[Records for the task — start]

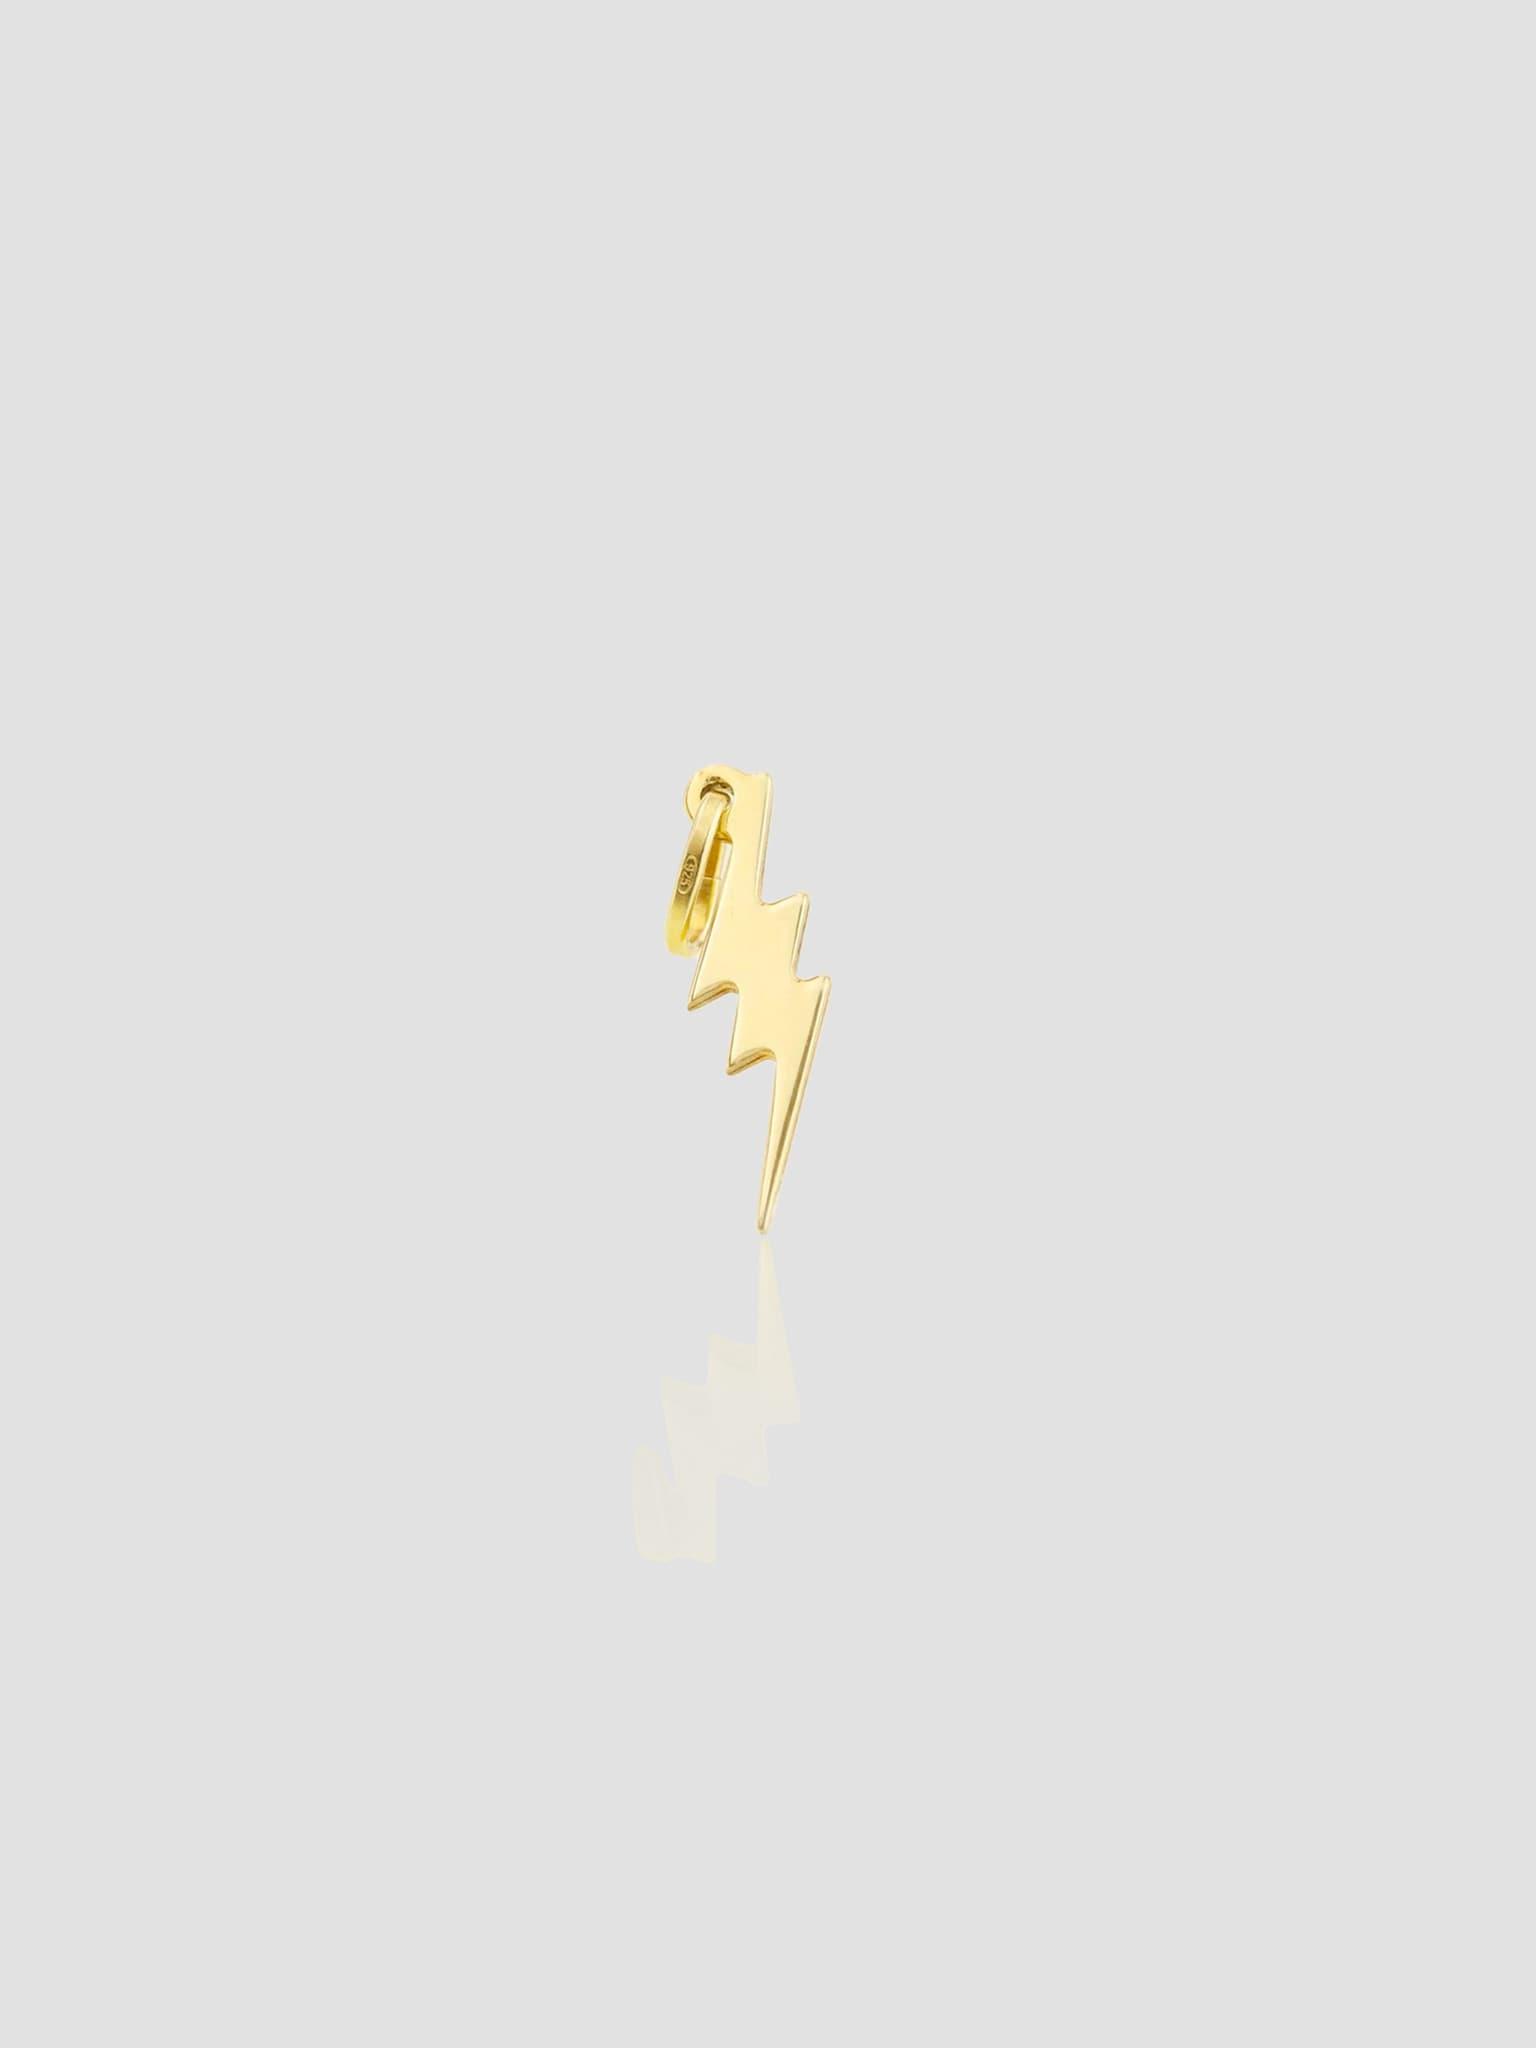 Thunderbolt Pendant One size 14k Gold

[Records for the task — finish]
[Records for the task — start]

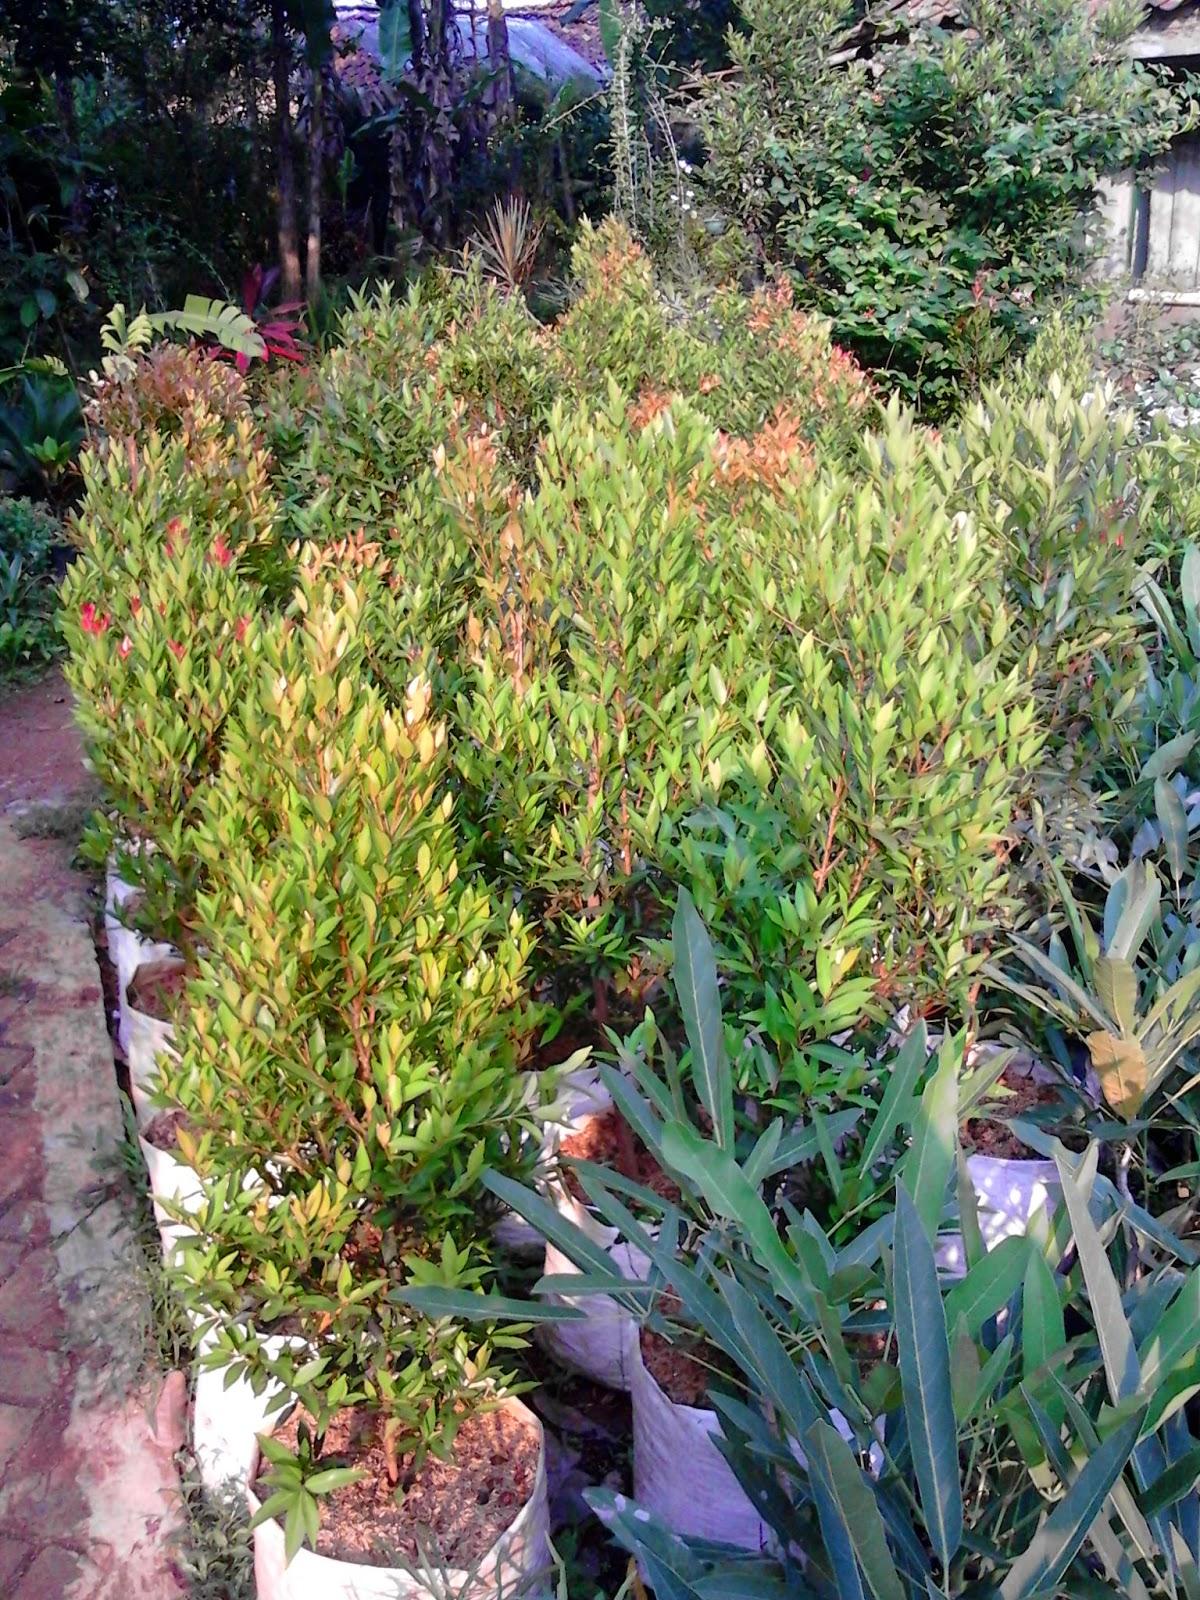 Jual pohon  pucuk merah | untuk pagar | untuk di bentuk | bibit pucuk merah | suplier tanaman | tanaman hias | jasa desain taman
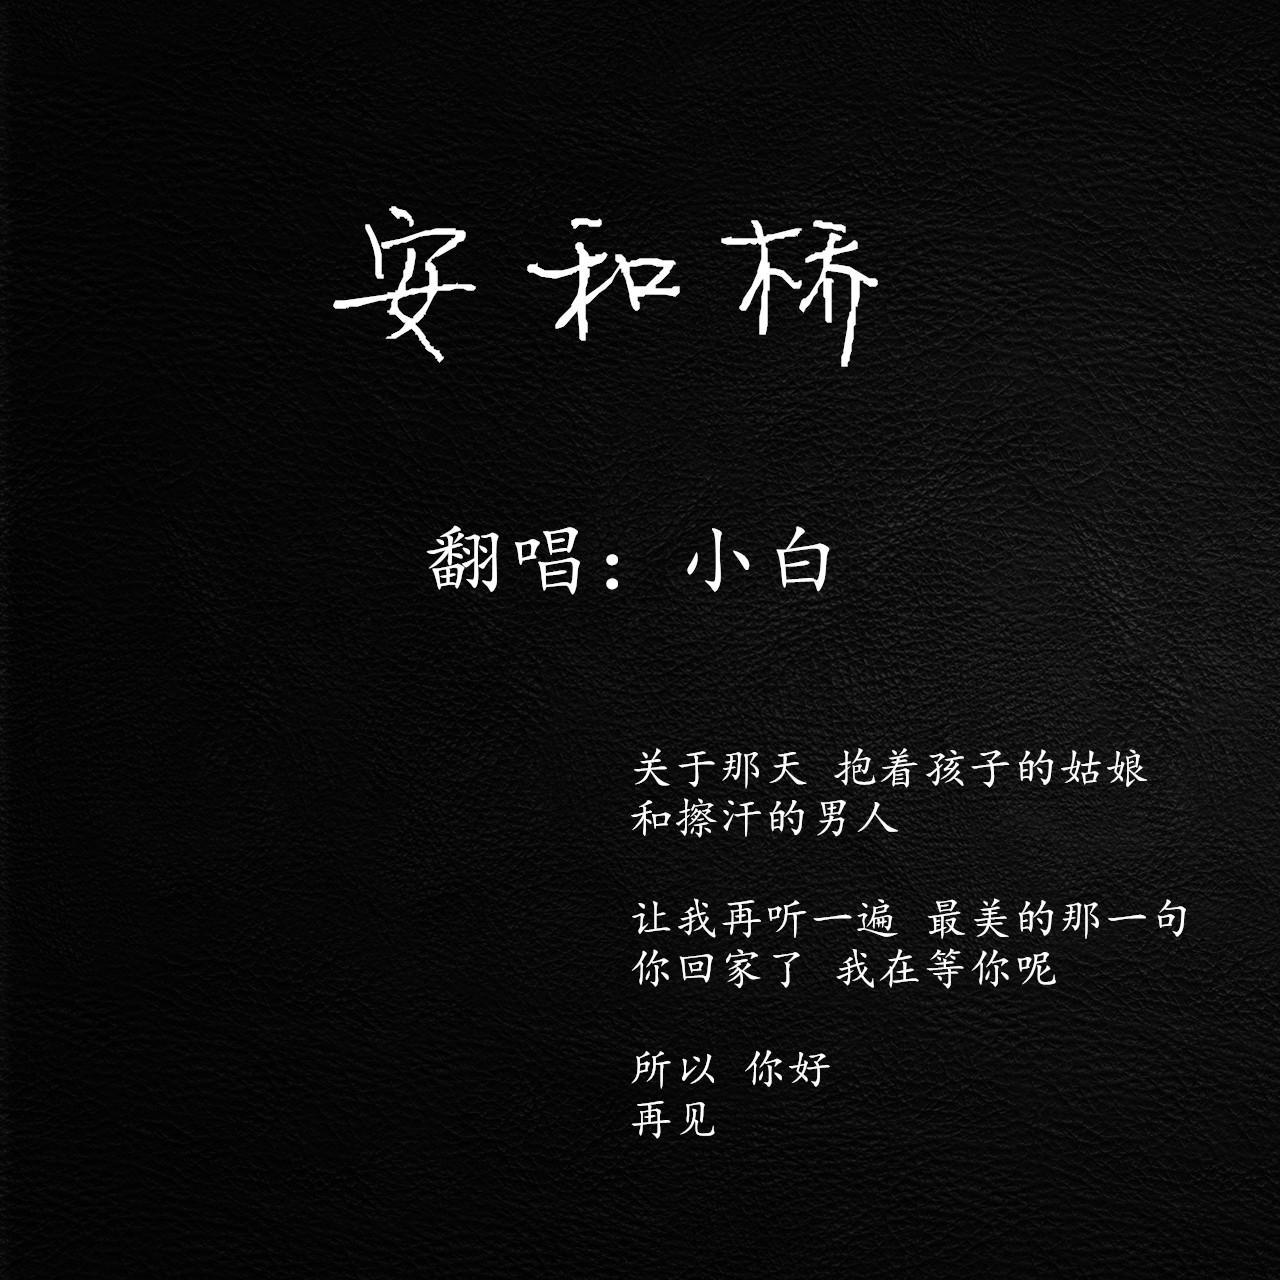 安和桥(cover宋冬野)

[Records for the task — finish]
[Records for the task — start]

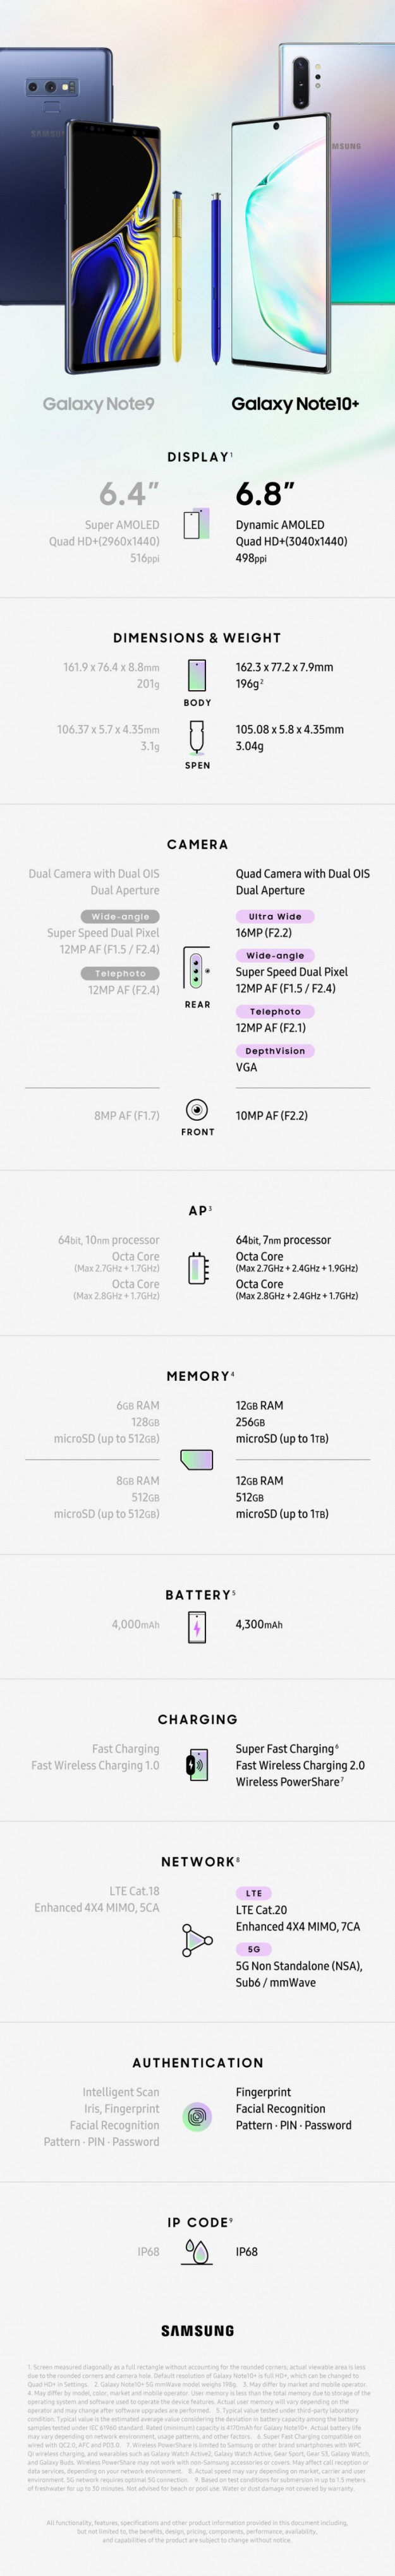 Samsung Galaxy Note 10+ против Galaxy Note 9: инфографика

[Records for the task — finish]

*Brief*:
Using the data above, retype exactly the lines from the line with "jasa desain taman" to the line with "安和桥(cover宋冬野)", inclusive. No pictures and nothing else.

*Solution to the problem*:
 Jual pohon  pucuk merah | untuk pagar | untuk di bentuk | bibit pucuk merah | suplier tanaman | tanaman hias | jasa desain taman
 安和桥(cover宋冬野)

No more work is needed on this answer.